NP-completeness and the classes P and NP: The class P consists of those problems that are solvable in polynomial time. More specifically, they are problems that can be solved in time O(n^k) for some constant k, where n is the size of the input to the problem. Most of the problems examined in previous chapters are in P.

The class NP consists of those problems that are "verifiable" in polynomial time. What we mean here is that if we were somehow given a "certificate" of a solution, then we could verify that the certificate is correct in time polynomial in the size of the input to the problem. For example, in the hamiltonian-cycle problem, given a directed graph G = (V, E), a certificate would be a sequence 〈v₁, v₂, v₃, ..., v_|V|〉 of |V| vertices. It is easy to check in polynomial time that (v_i, v_{i 1}) ∈ E for i = 1, 2, 3, ..., |V| - 1 and that (v_|V|, v₁) ∈ E as well. As another example, for 3-CNF satisfiability, a certificate would be an assignment of values to variables. We can easily check in polynomial time that this assignment satisfies the boolean formula.

Any problem in P is also in NP, since if a problem is in P then we can solve it in polynomial time without even being given a certificate. We will formalize this notion later in this chapter, but for now we can believe that P ⊆ NP. The open question is whether or not P is a proper subset of NP.

Informally, a problem is in the class NPC-and we refer to it as being NP-complete-if it is in NP and is as "hard" as any problem in NP. We shall formally define what it means to be as hard as any problem in NP later in this chapter.
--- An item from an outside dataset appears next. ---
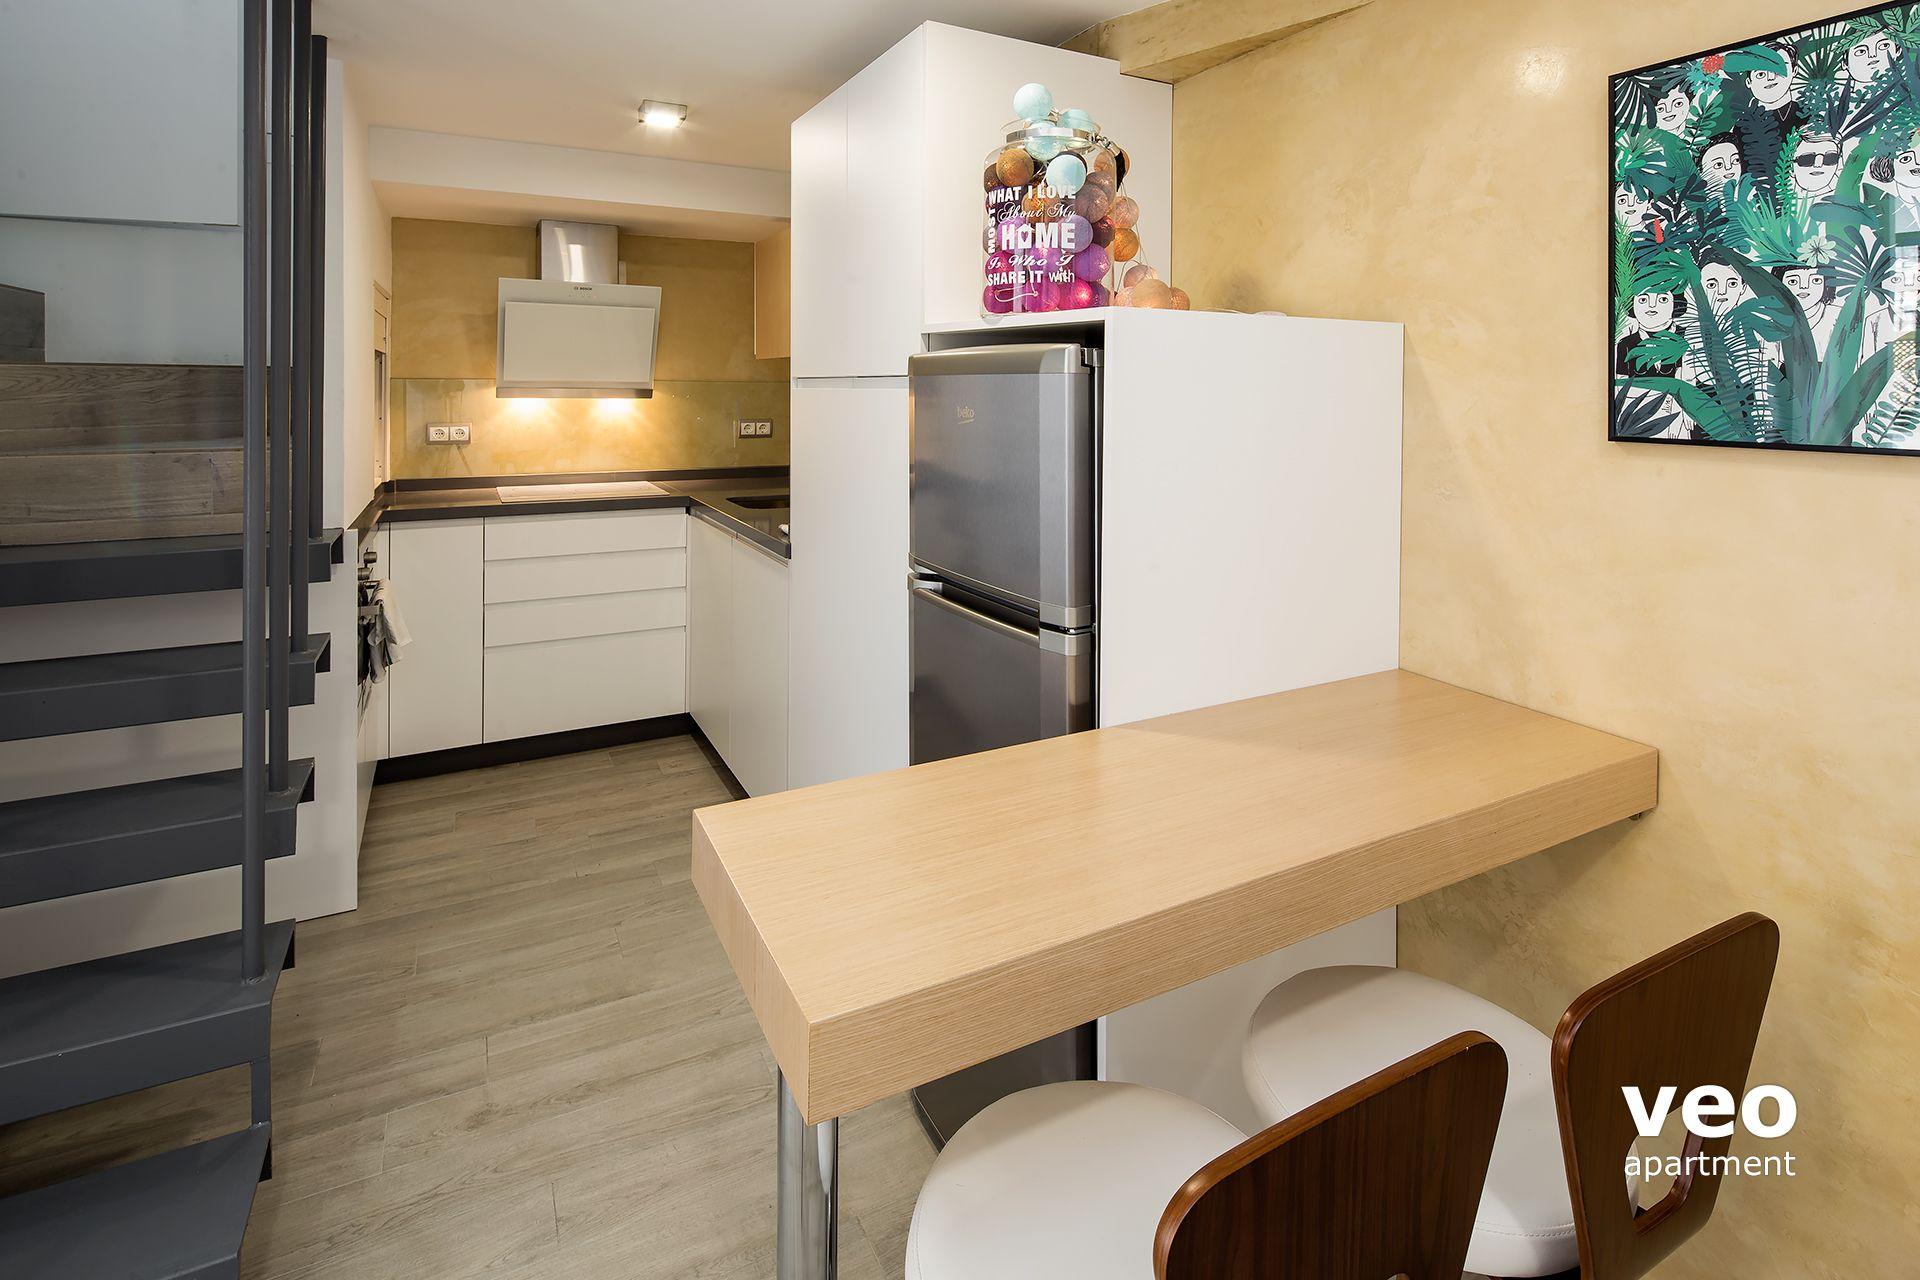 Appartement Rue Escoberos S 233 Ville Espagne Escoberos

In the meantime, we will state without proof that if any NP-complete problem can be solved in polynomial time, then every NP-complete problem has a polynomial-time algorithm. Most theoretical computer scientists believe that the NP-complete problems are intractable, since given the wide range of NP-complete problems that have been studied to date-without anyone having discovered a polynomial-time solution to any of them-it would be truly astounding if all of them could be solved in polynomial time. Yet, given the effort devoted thus far to proving that NP-complete problems are intractable-without a conclusive outcome-we cannot rule out the possibility that the NP-complete problems are in fact solvable in polynomial time.

Decision problems vs. optimization problems: Many problems of interest are optimization problems, in which each feasible (i.e., "legal") solution has an associated value, and we wish to find the feasible solution with the best value. For example, in a problem that we call SHORTEST-PATH, we are given an undirected graph G and vertices u and v, and we wish to find the path from u to v that uses the fewest edges. (In other words, SHORTEST-PATH is the single-pair shortest-path problem in an unweighted, undirected graph.) NP-completeness applies directly not to optimization problems, however, but to decision problems, in which the answer is simply "yes" or "no" (or, more formally, "1" or "0").
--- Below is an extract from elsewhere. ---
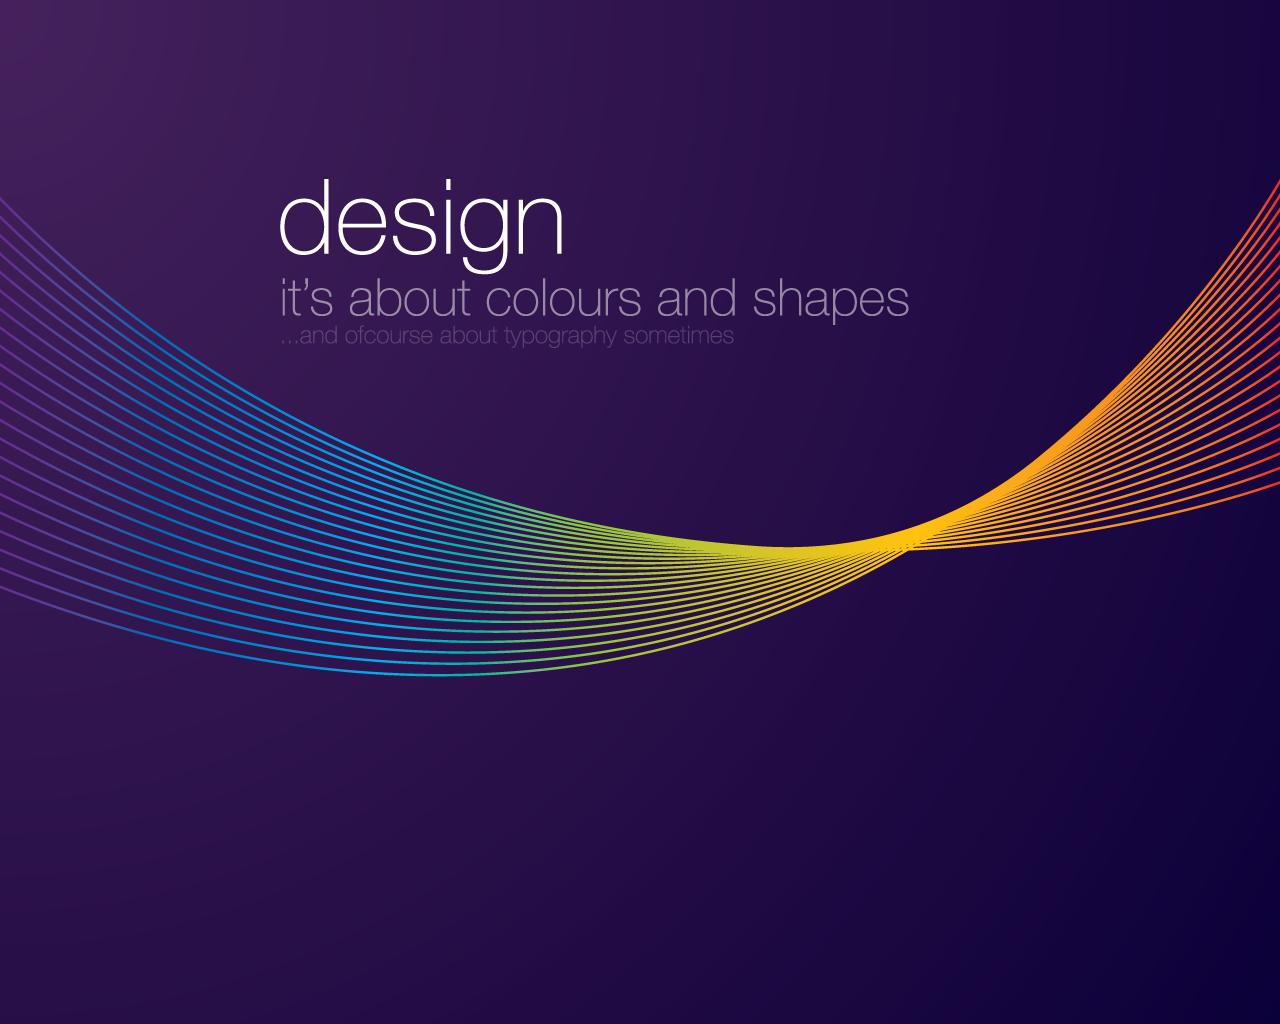 Color Designer Enchanting With Graphic Design Shapes Color Image

Although showing that a problem is NP-complete confines us to the realm of decision problems, there is a convenient relationship between optimization problems and decision problems. We usually can cast a given optimization problem as a related decision problem by imposing a bound on the value to be optimized. For SHORTEST-PATH, for example, a related decision problem, which we call PATH, is whether, given a directed graph G, vertices u and v, and an integer k, a path exists from u to v consisting of at most k edges.
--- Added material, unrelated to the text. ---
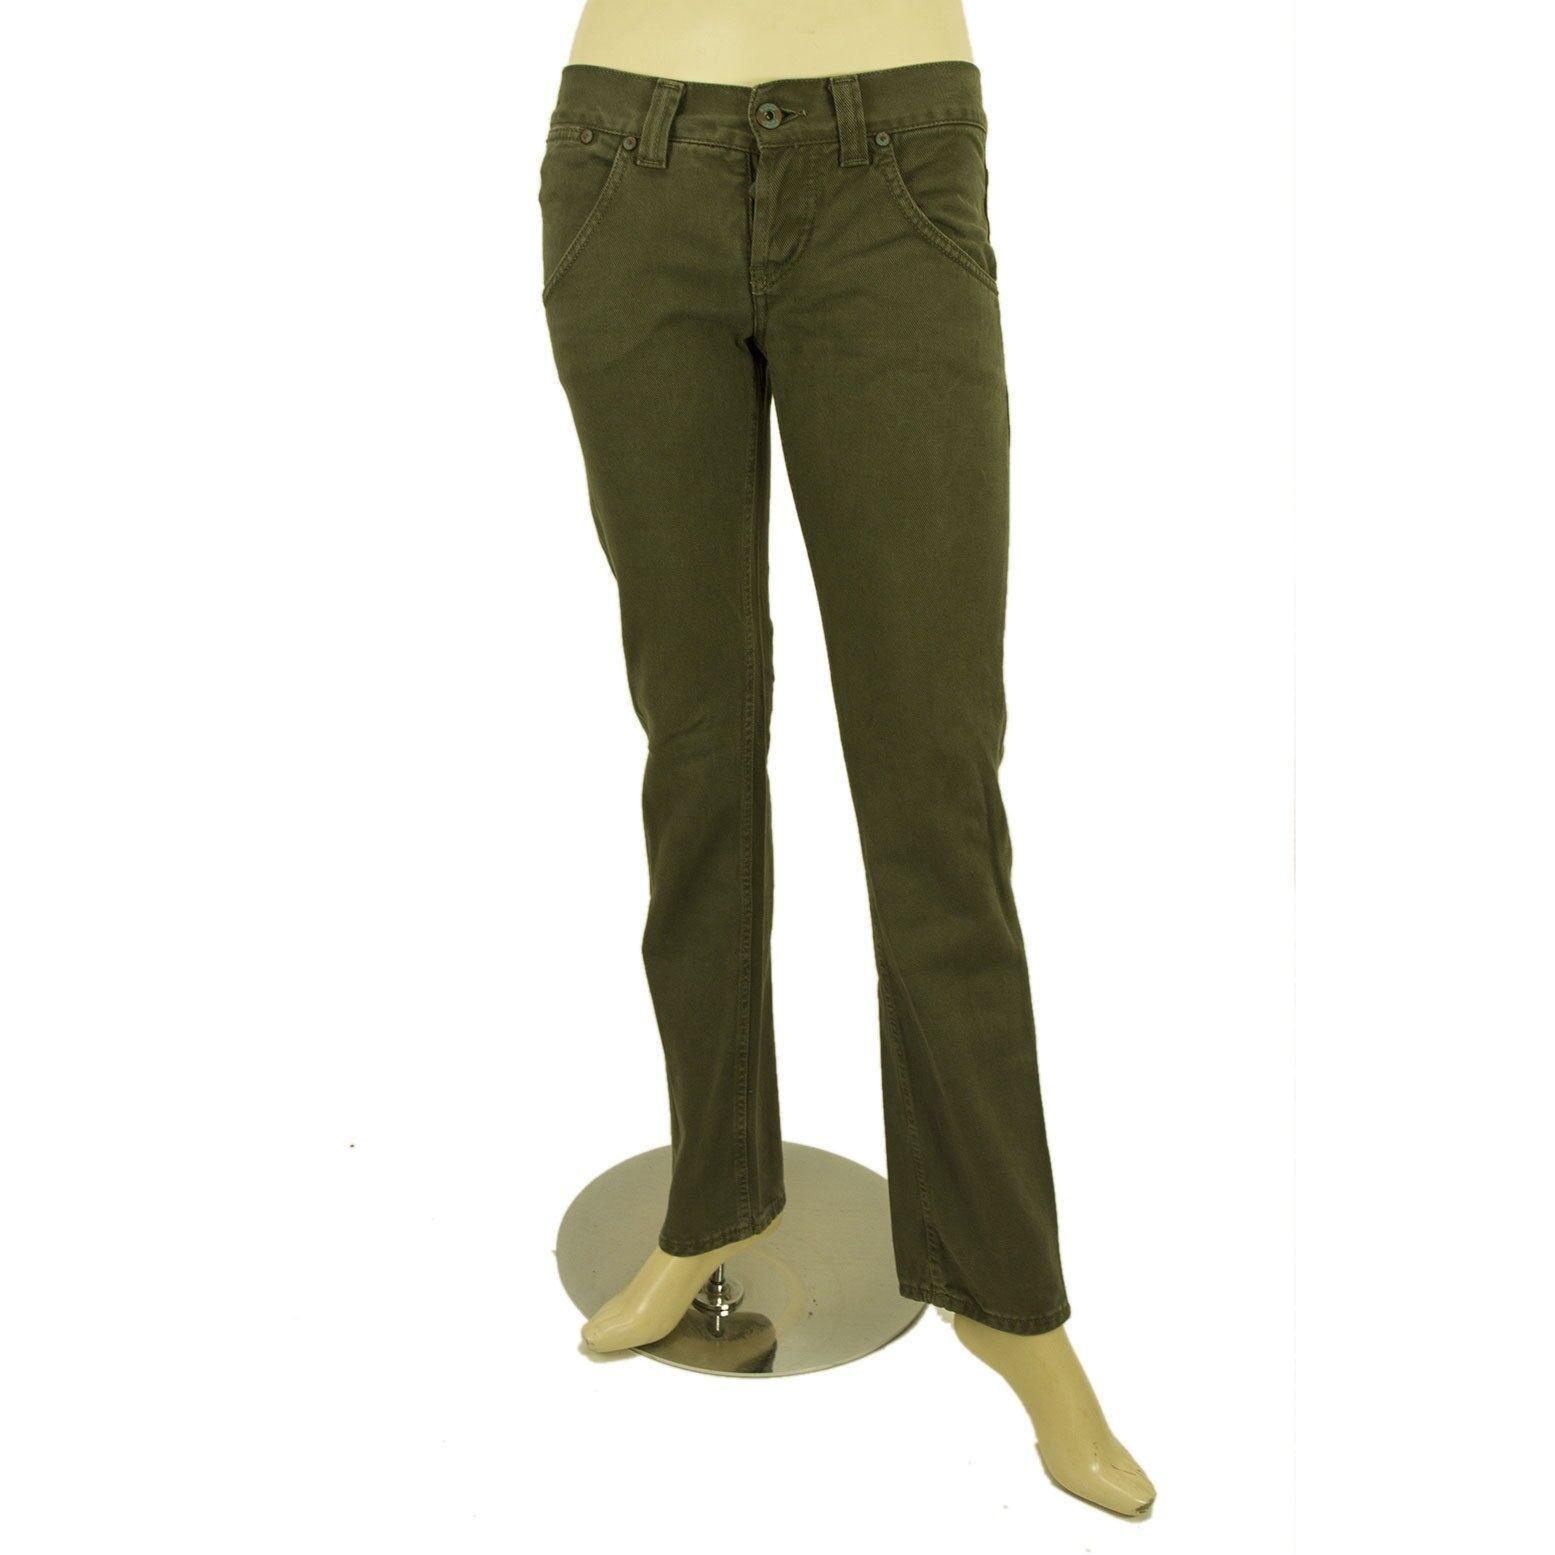 Dondup Olive Green Denim Jeans Slim Trousers Pants sz 26 P005 015 CLAY CARMEN

The relationship between an optimization problem and its related decision problem works in our favor when we try to show that the optimization problem is "hard." That is because the decision problem is in a sense "easier," or at least "no harder." As a specific example, we can solve PATH by solving SHORTEST-PATH and then comparing the number of edges in the shortest path found to the value of the decision-problem parameter k. In other words, if an optimization problem is easy, its related decision problem is easy as well. Stated in a way that has more relevance to NP-completeness, if we can provide evidence that a decision problem is hard, we also provide evidence that its related optimization problem is hard. Thus, even though it restricts attention to decision problems, the theory of NP-completeness often has implications for optimization problems as well.